The next few days were stolen moments, late-night drives, her cheering him on quietly during a rehearsal (hidden in the back), cooking simple ramen in the dorm when the others were out. Y/N helped him with lyrics, her writer’s touch adding depth to a ballad he was producing. For the first time in months, the weight on his shoulders felt lighter.
But goodbyes came too soon. At the airport, disguised and hearts heavy, he held her close. “I’ll keep talking to the moon until you’re back with me for real.”
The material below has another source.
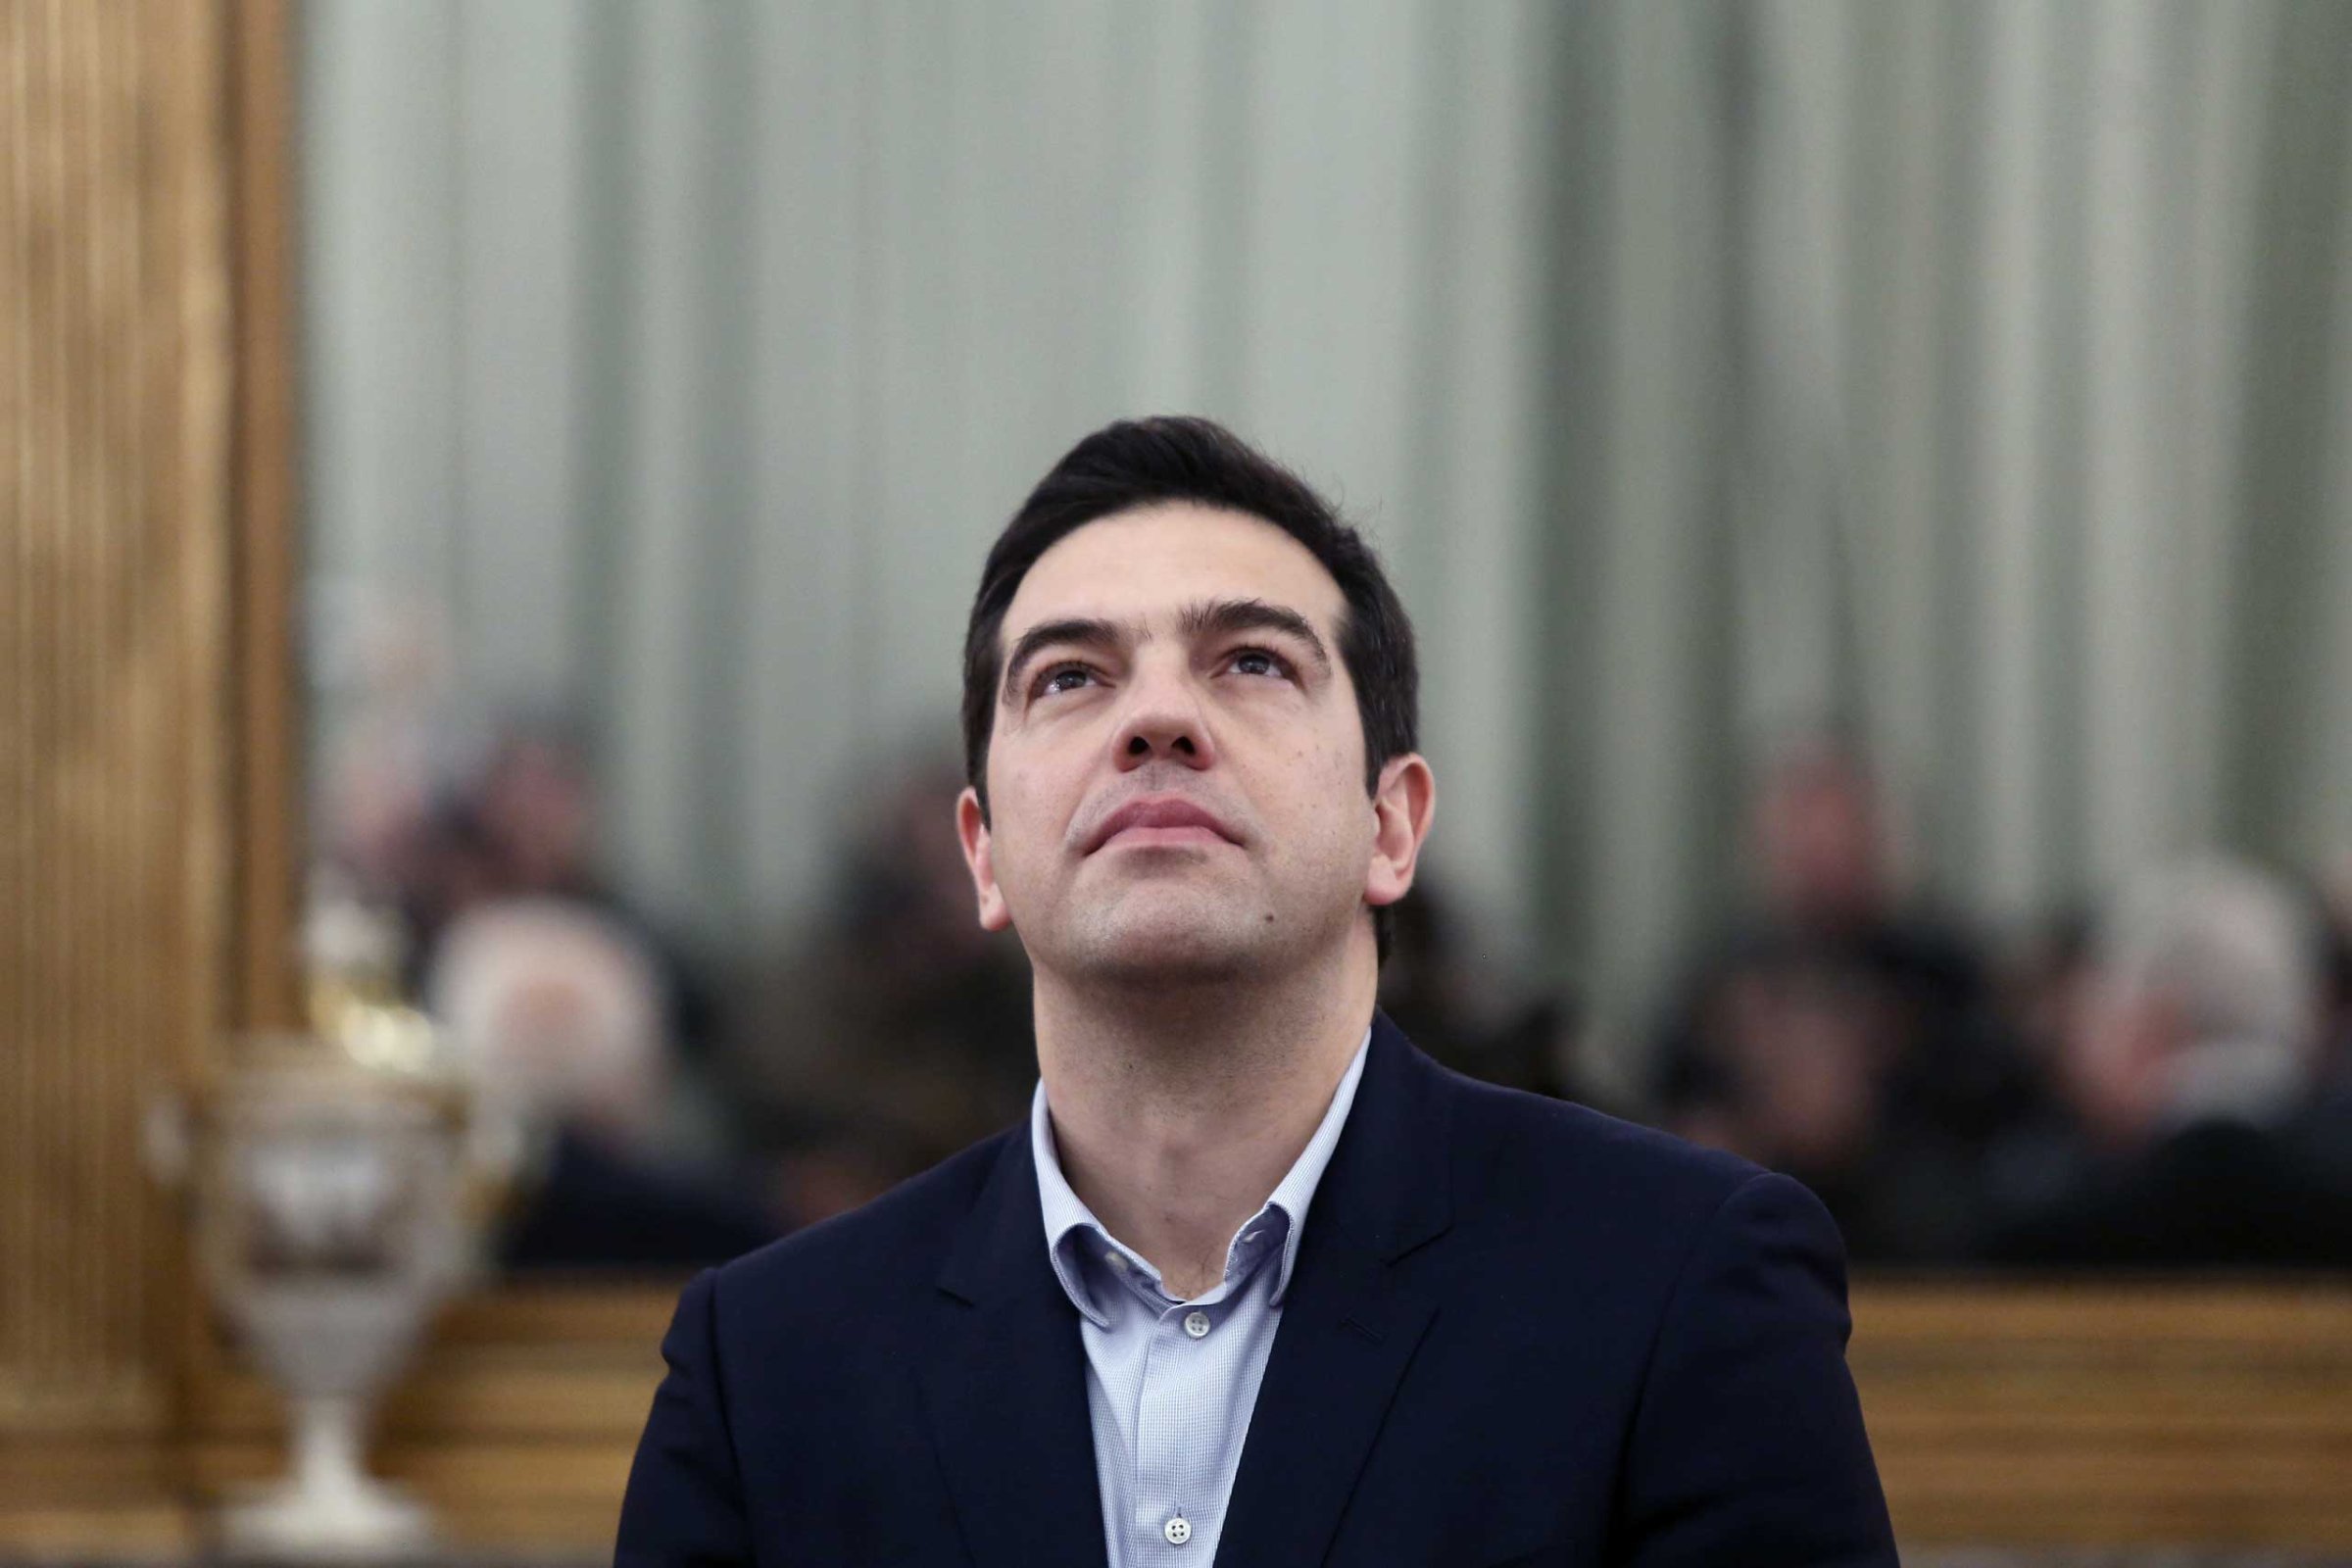 Greek Prime Minister and Syriza party leader Alexis Tsipras, at the Presidential palace during the swearing in ceremony of the new Greek Government, Athens, Jan. 27, 2015 .
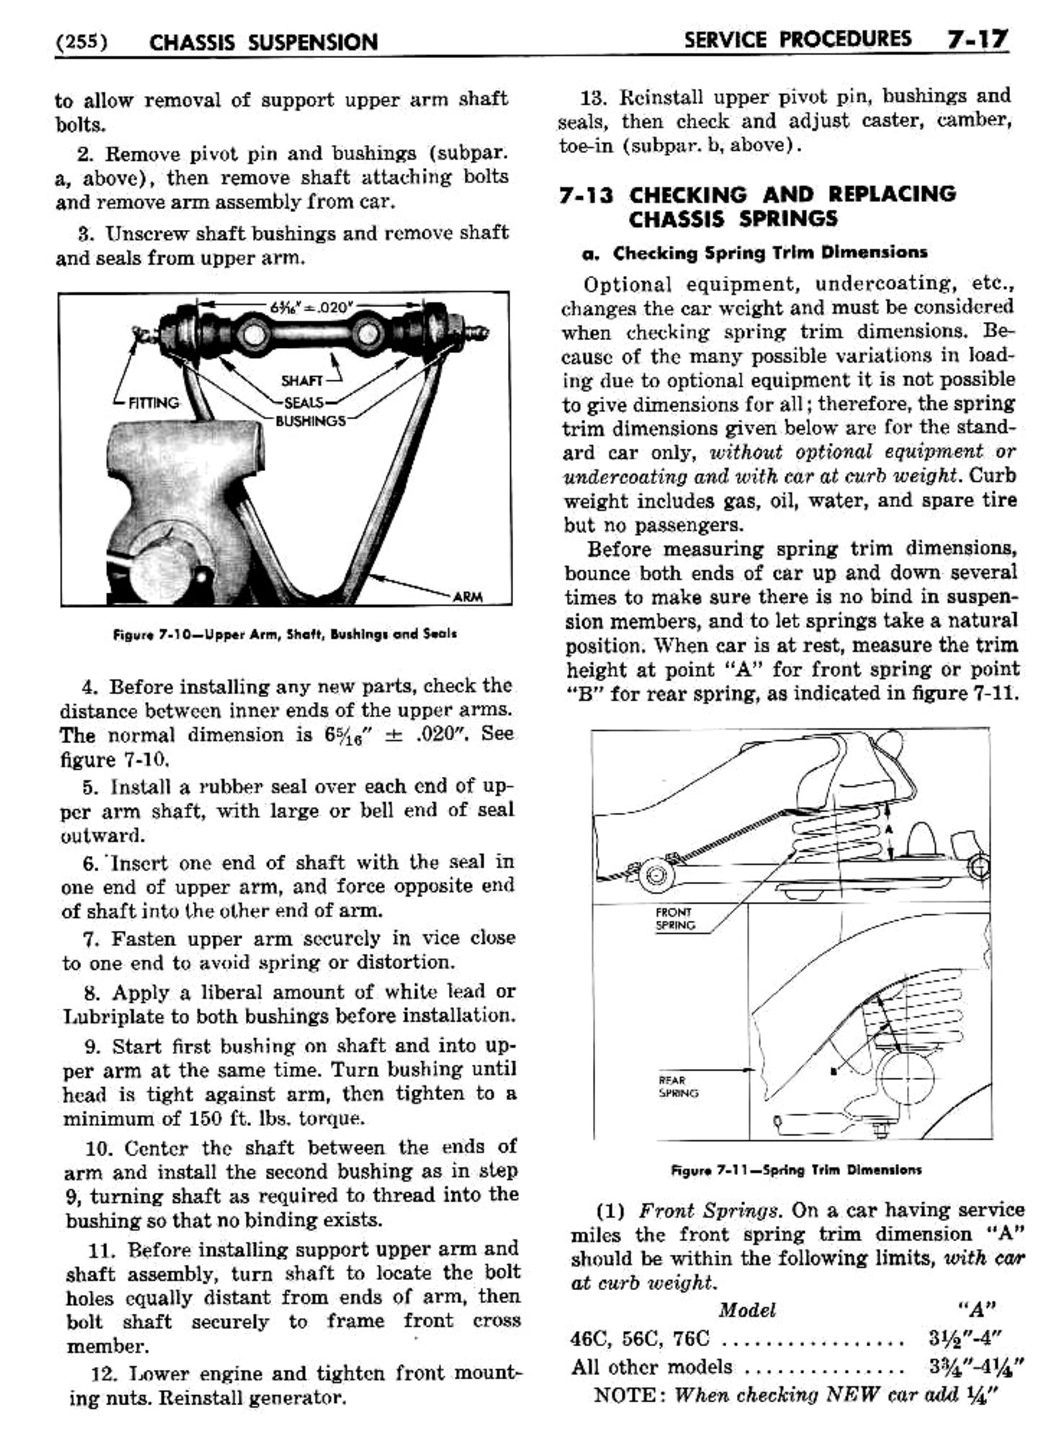 n_08 1956 Buick Shop Manual - Chassis Suspension-017-017.jpg

“And I’ll answer every time,” she replied, kissing his cheek.
As her plane took off, Martin stood at the observation deck, watching the sky. The moon was there, faint in the daylight, but present. He smiled.
Back in the dorm, the members noticed the change. “Hyung’s glowing again,” Keonho teased. Martin just laughed, ruffling his hair. They didn’t need the full story yet. One day, when the time was right, he’d share it, the girl who kept him grounded, the moon that kept their hope alive.
Nights still brought the ache, the long practices, the endless travel. But now, when he sat by himself as the stars lit up his room, he didn’t feel alone.
“Talking to the moon… trying to get to you… In hopes you’re on the other side, talking to me too…”
And somewhere far away, Y/N looked up at the same sky, whispering back the words. Their love wasn’t perfect. It was young, challenged by fame and distance. But under that silver light, it was real. Enduring.
Martin Edwards, leader of cortis, songwriter, performer, and boy in love, kept reaching for her across the night. And the moon listened, carrying their voices to each other, one quiet conversation at a time.